2011-09-17

tsubasahome: (Default)
2011-09-17 07:44 pm
Entry tags:

Here comes another one, just like the other one...

My second Adelman package arrived today, and Lorelei is now quietly sleeping in its bed...

Since Lorelei is a rare peony and cost twice as much as Minnie Shaylor, I honestly wasn't sure what kind of division I'd get. I know there are some peonies that are expensive because their eyes/roots grow in a tangled manner that makes it hard to get a nice division, or because they're slow to propagate, so I wondered if Lorelei would be smaller than Minnie Shaylor. After all, 3-5 eyes is the industry standard, and there are some places that do even smaller divisions than that(I'm still fuming over the 1 eye division White Flower Farm gave me of Coral Charm years back...I haven't seen a single flower on that thing), but Lorelei had six eyes and three storage roots, just like Minnie Shaylor. The eyes themselves were actually bigger.

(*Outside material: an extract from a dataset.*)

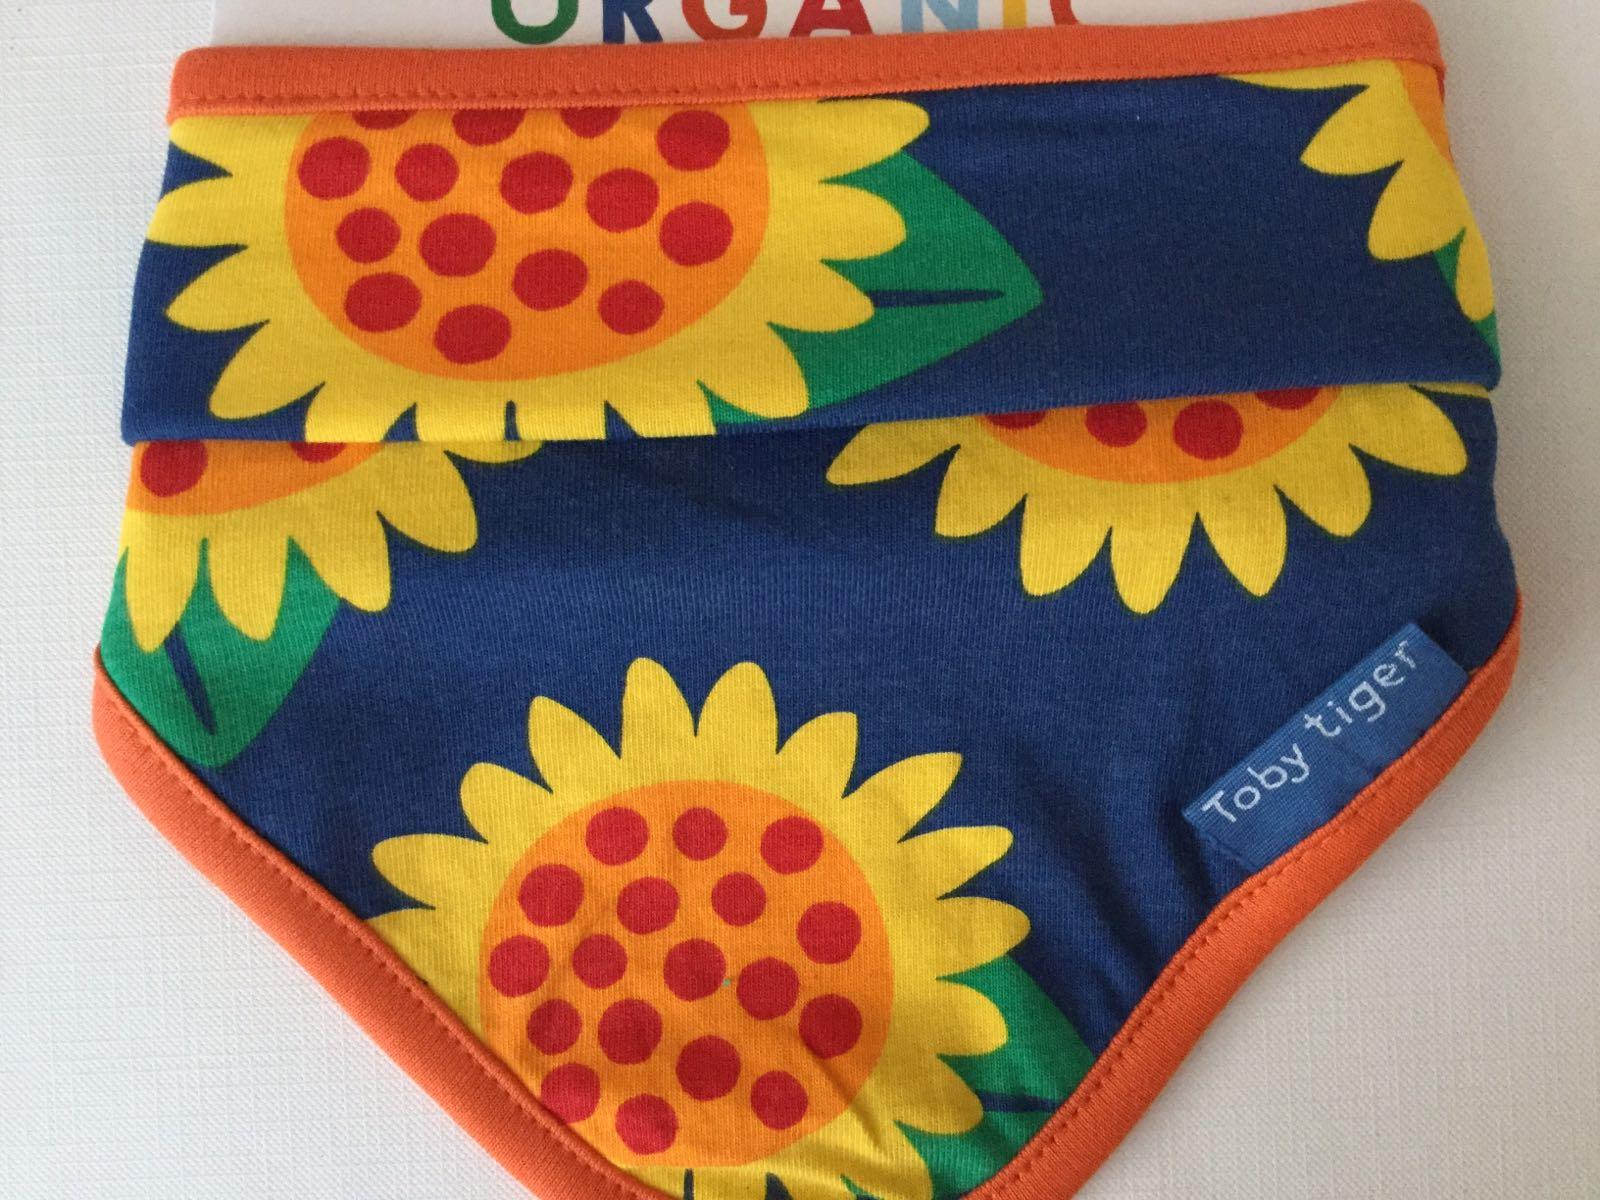 Toby tiger - dribble bib -   Sunflower print
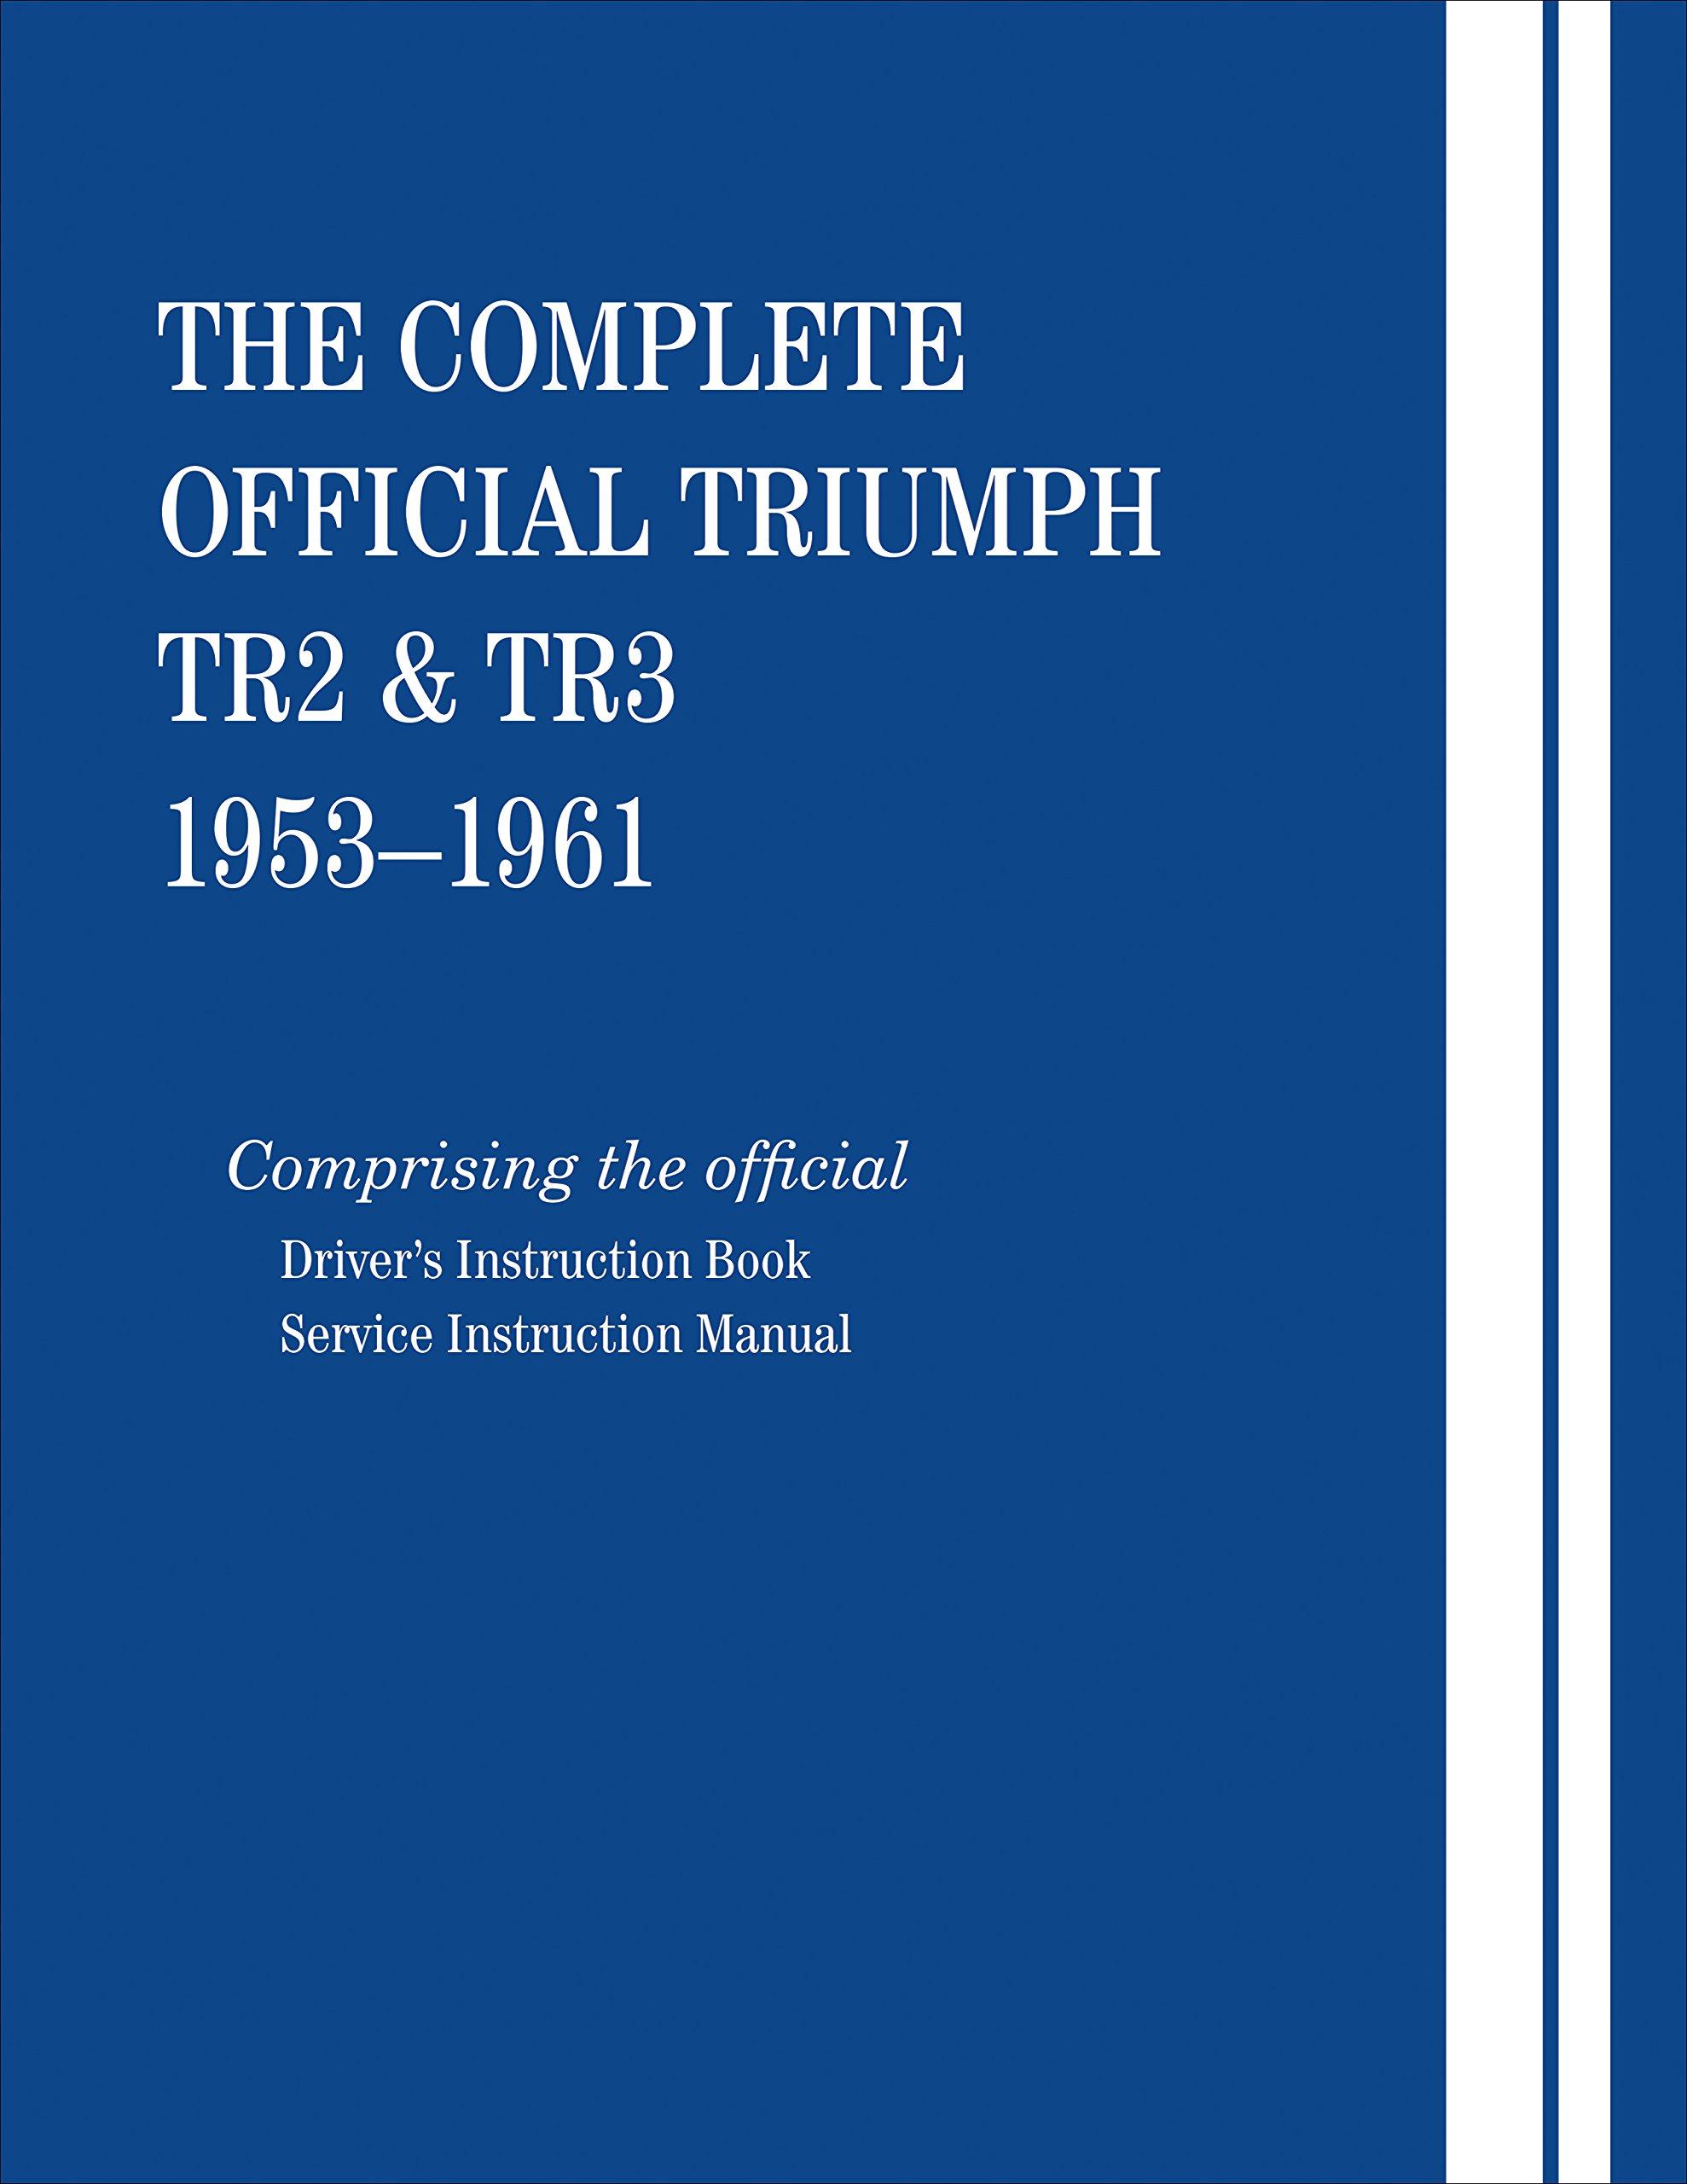 The Complete Official Triumph TR2 & TR3: 1953, 1954, 1955, 1956, 1957,  1958, 1959, 1960, 1961: British Leyland Motors: 9780837617503: Amazon.com:  Books

I'm dying to see what Lorelei looks like in bloom. I hope it won't be too long! Almost all the corals are some white peony(usually Minnie Shaylor)crossed with p. peregrina, but Lorelei is a medium pink bomb-shaped peony called Belleville crossed with a red peony called Good Cheer. I don't think Good Cheer is a lactiflora...I'm trying to look it up but my browser keeps crashing. ^^;;;

EDIT: It looks like Good Cheer is p.officinalis(aka "Memorial Day Peony") crossed with p.peregrina. So Lorelei is 1/3 p.peregrina, as opposed to 1/2 like the other corals. I think p.officinalis is where they got the weird red hue found in Buckeye Belle?

That rare Saunders hybrid peony Lavender is fascinating. Everybody says it's hard to grow and has a smaller range of conditions it can be grown in, but nobody will say what those conditions are. ^^;;; Its wild peony parent is a native of northern Morocco, and it grows in cedar forests...so maybe part to full shade and acid soil only?